Conclusion: Recent legislation in the form of the Electricity Acts and amendments such as universalising open access have added a spirit of dynamism to the power sector in India. It is hard to see this trend reversing. Indian private sector companies are also confident of competing with foreign companies in all sectors and hence the possibility of a return to autarchy under pressure from domestic lobbies is equally unlikely. The issues previously discussed can be daunting, but the regulatory regime is evolving and is being amended to induce greater transparency and a level playing field. Above all else, there is multiparty agreement on the need for urgent reforms, which minimises the chances of political disruption. From a private investor’s standpoint, this augurs remarkably well and players who are willing to cope with an evolving regulatory regime will reap rich rewards in the near to medium future.

Rajeev Anantaram
Senior Fellow, Indian Council for Research on International Economic Relations (ICRIER), New Delhi

[1] The Planning Commission has recommended spending between 10% and 15% of GDP over the next two decades on the development of infrastructure. This translates into US$150 billion to US$200 billion annually at current levels of GDP.

[2] India was the first country in Asia to initiate a fledgling nuclear programme in 1956, under the ‘Atoms for Peace’ programme, with Canadian assistance. This assistance programme continued until 1974 after which it was discontinued following India’s first nuclear weapons test.

[3] There were pockets within India where the provision of power (mostly generation) was privately undertaken, the most notable exception being the city of Mumbai (then Bombay). Power was generated by the Tata Power Company (a private entity) but was distributed by the local government run Bombay Electric Supply and Transport Company (BEST). Other cities that privately provided power were Ahmedabad, Surat, Calcutta and recently parts of New Delhi.

[4] The tremendous variation in state policies is a cause of increasing frustration among private sector players, which in some ways has deterred participation. The amendments to the Electricity Act aim to reduce these discrepancies, while still allowing states the autonomy to formulate state specific policies. The enormity of the effort for a country as diverse as India needs no further elaboration.

[5` Plans are afoot to revive the generation of power from the plant by augmenting the infrastructure already set in place in the mid 1990s, through a consortium of Indian and foreign firms. Operational details at this point are hazy.

[6] Some left-wing political parties have criticized the recent infrastructure development drive as being too ‘urban centric’ in that it largely ignores rural geographies which are in critical need of infrastructure development.
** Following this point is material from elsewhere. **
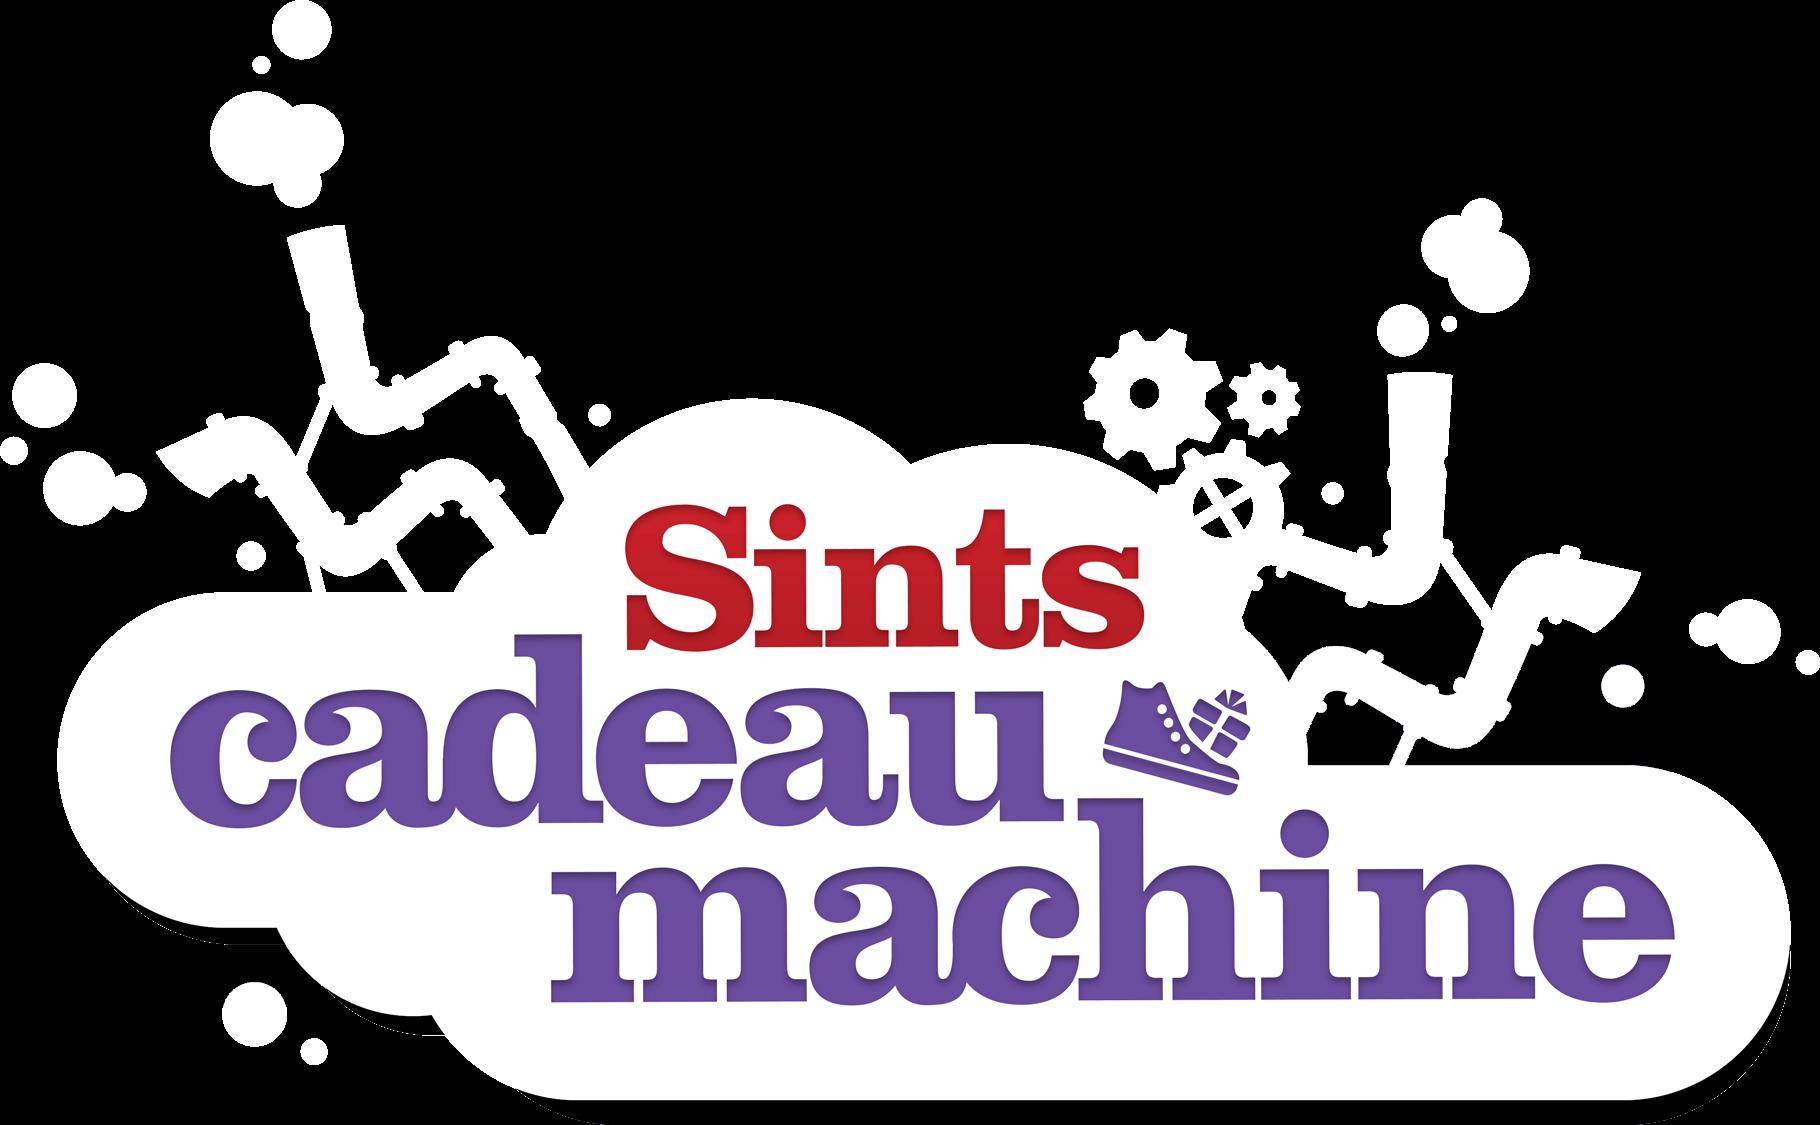 01 Bol com Cadeaumachine Logo - Brief van Sint aan ouders: gebruik mijn Sints cadeaumachine

Recent governments are addressing this problem with the initiation of programmes such as the Prime Minister’s Rural Road Scheme to develop rural road infrastructure and the formation of dedicated companies like the Rural Electrification Corporation (REC), a listed company on the Bombay Stock Exchange.

[7] Examples of joint ventures between Indian foreign power equipment manufacturers include Larsen & Toubro’s joint venture with Mitsubishi Heavy Industries to manufacture super-critical steam turbines, Jindal Steel Works’ joint venture with Toshiba and Alstom’s agreement with Bharat Heavy Electricals Limited. Several companies with an established presence in India, such as Siemens and General Electric, are significantly expanding operations in India to manufacture next generation technology and also their related R&D activity.

[8] Business Standard, 23/XII/2009, p. 6.